## [The task]
Using the data below, set down every line from the one containing "AEG S75578KG3 manual" through the one containing "El grito de", inclusive and unchanged. Pictures are to be skipped.

BEGIN Input for this task

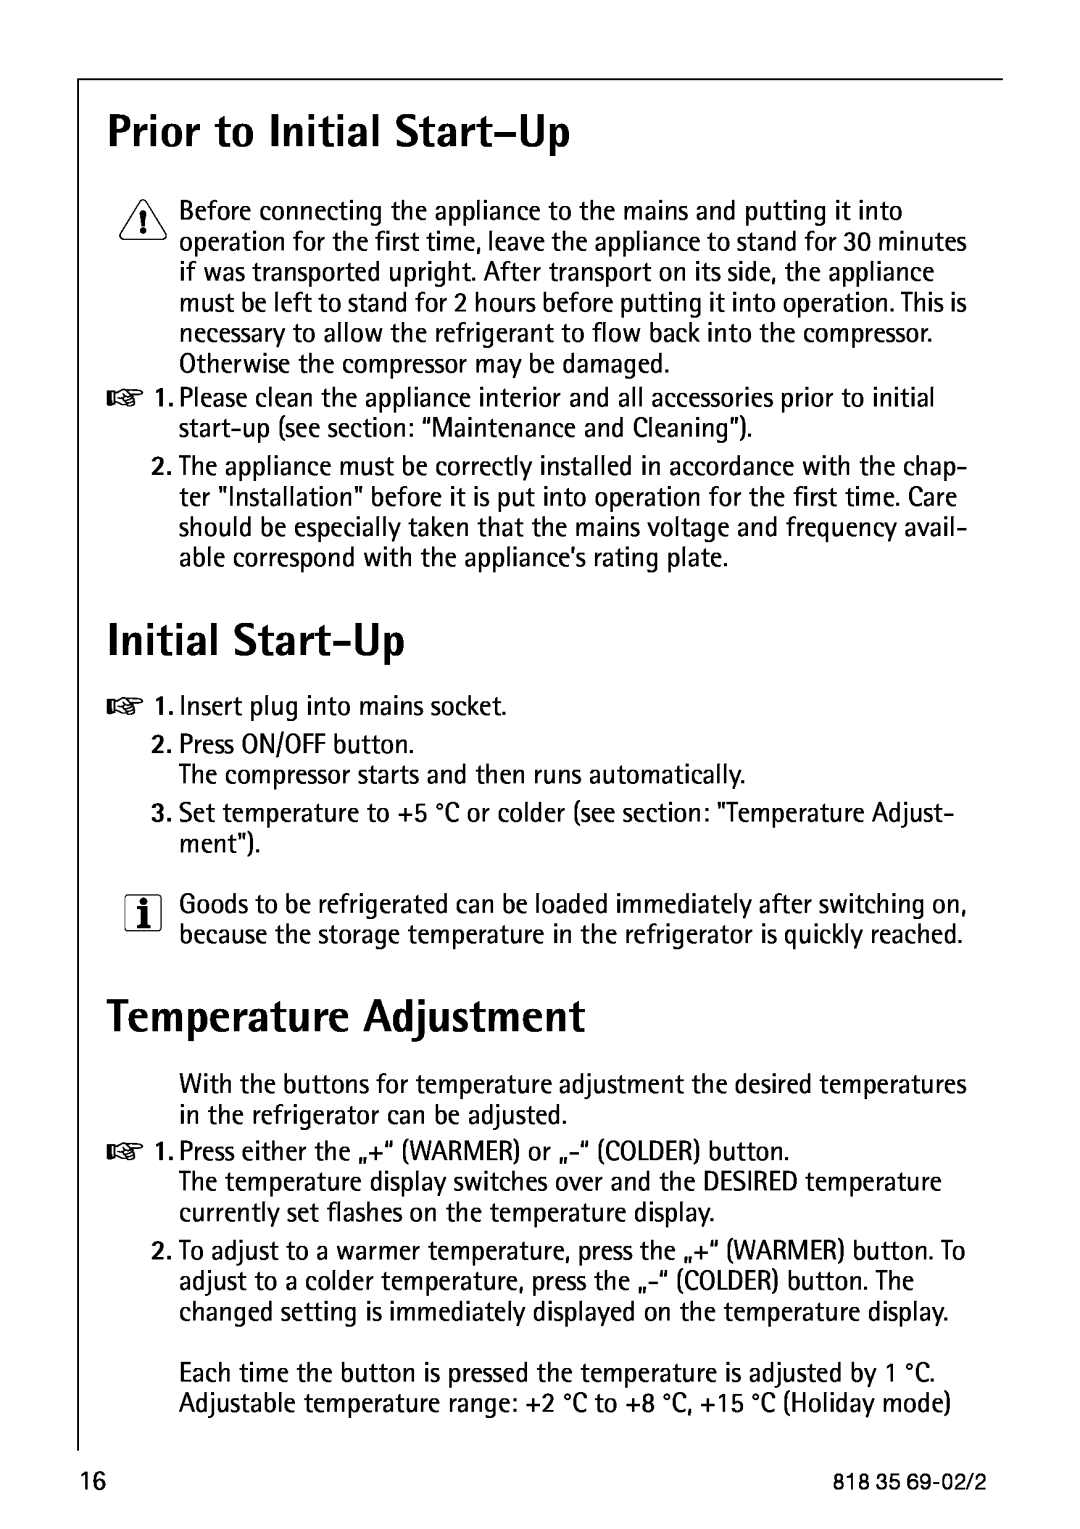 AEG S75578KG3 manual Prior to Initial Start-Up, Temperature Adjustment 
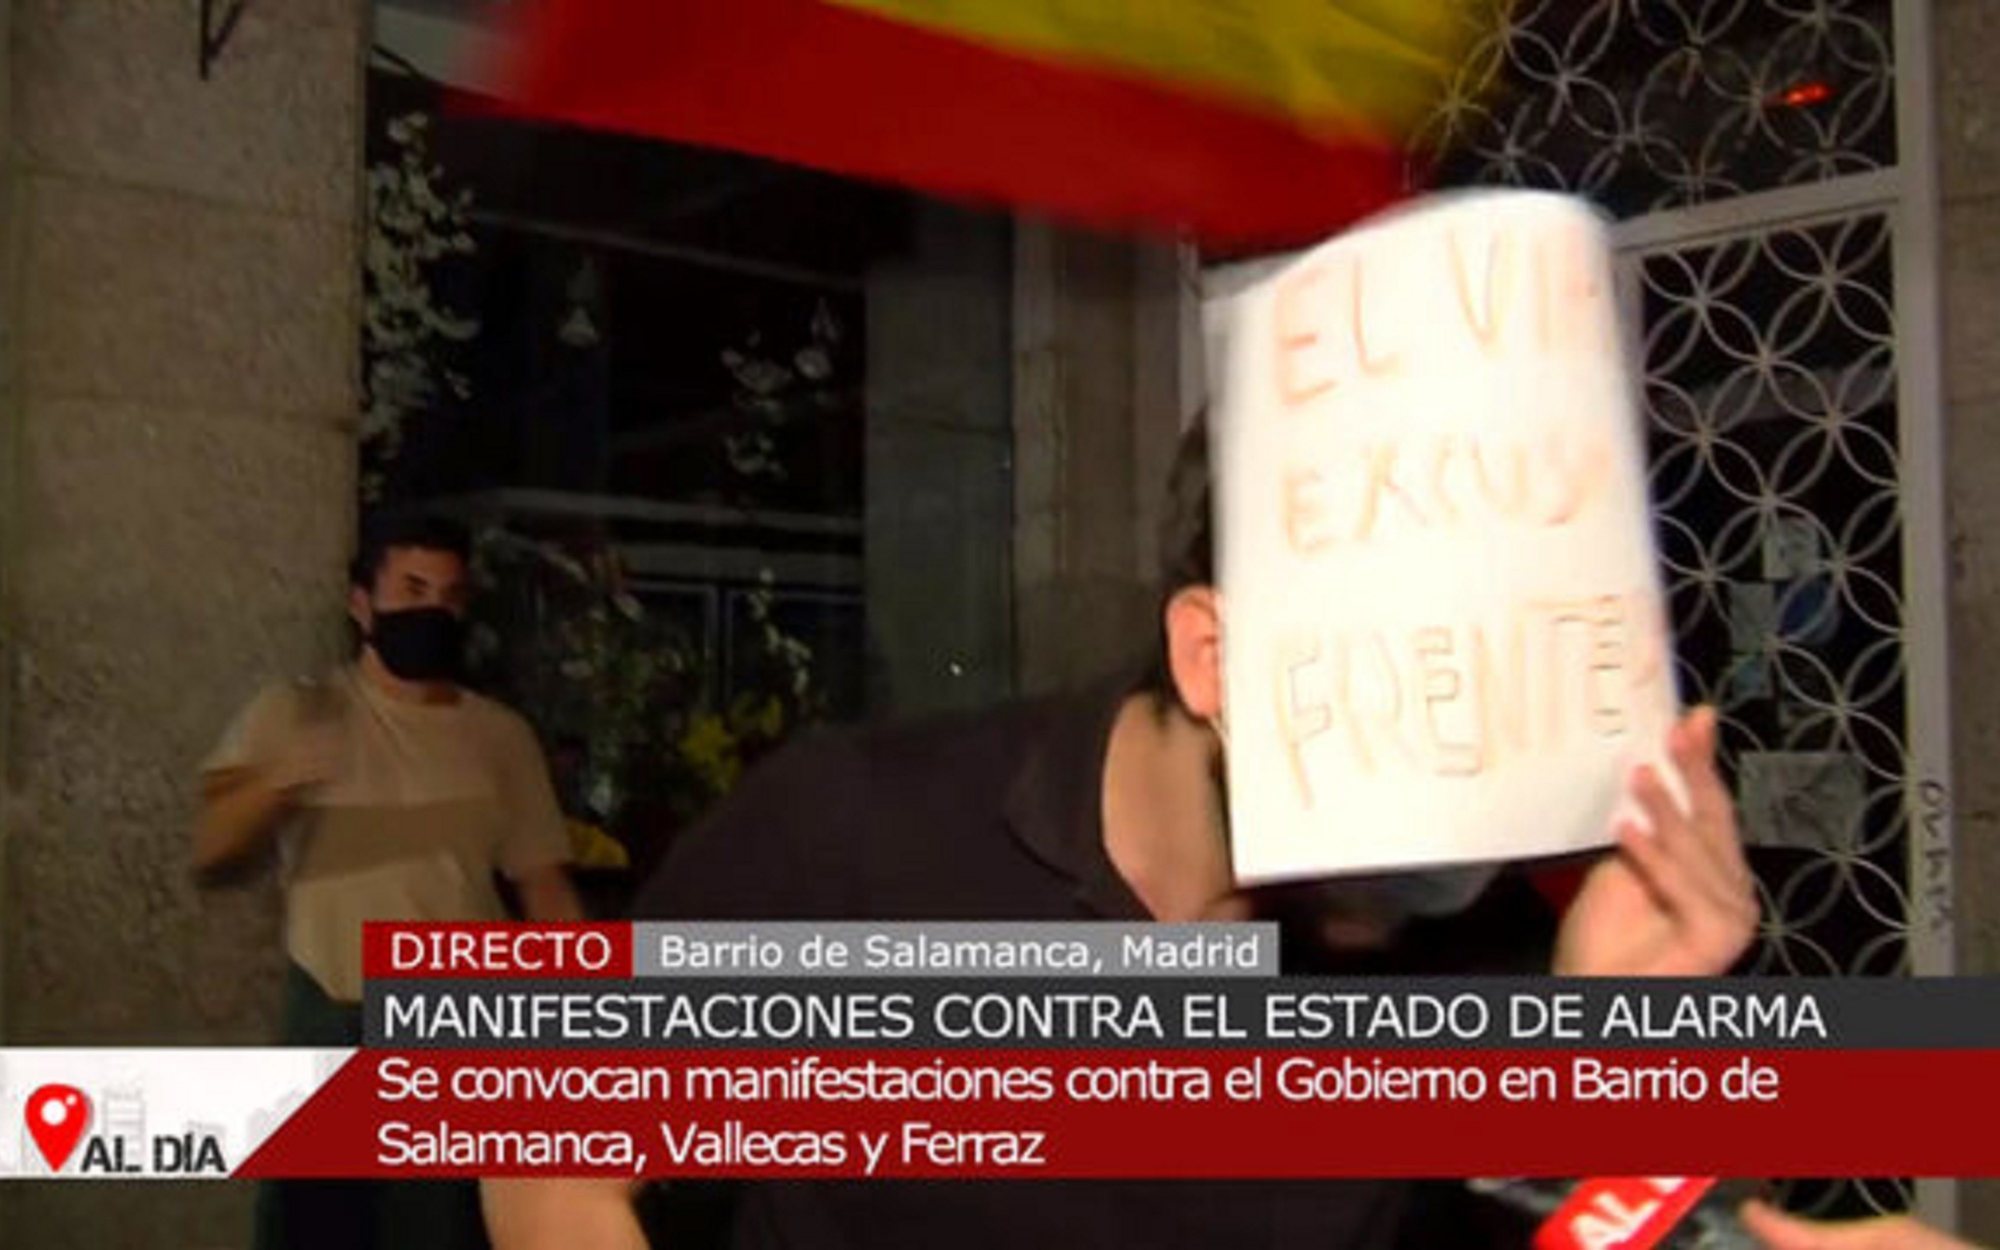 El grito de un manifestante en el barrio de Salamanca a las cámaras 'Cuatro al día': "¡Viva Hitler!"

END Input for this task
BEGIN Input for this task

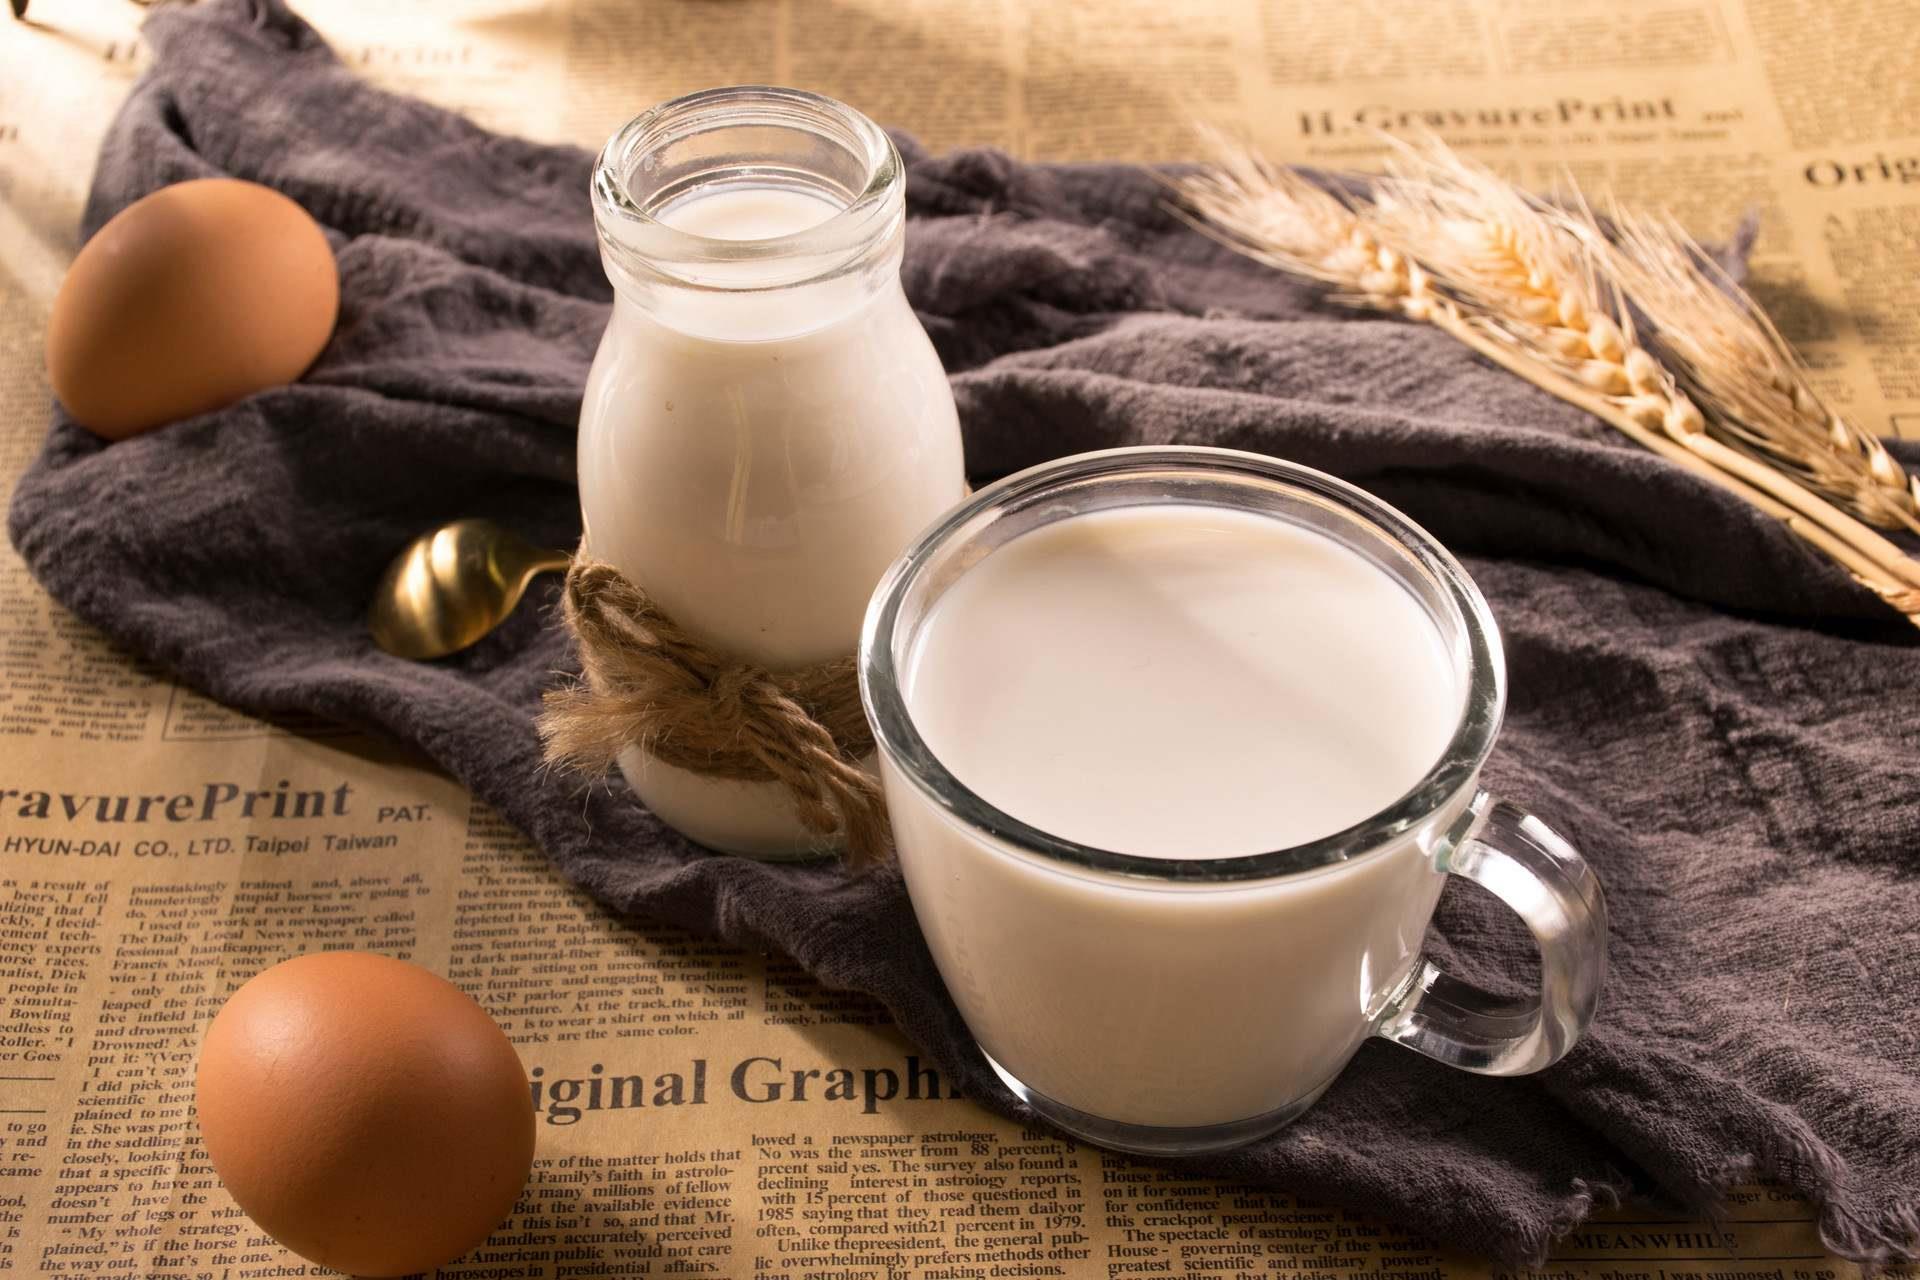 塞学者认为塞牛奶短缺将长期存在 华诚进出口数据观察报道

END Input for this task

## [Reply to the task]
 AEG S75578KG3 manual Prior to Initial Start-Up, Temperature Adjustment 
 El grito de un manifestante en el barrio de Salamanca a las cámaras 'Cuatro al día': "¡Viva Hitler!"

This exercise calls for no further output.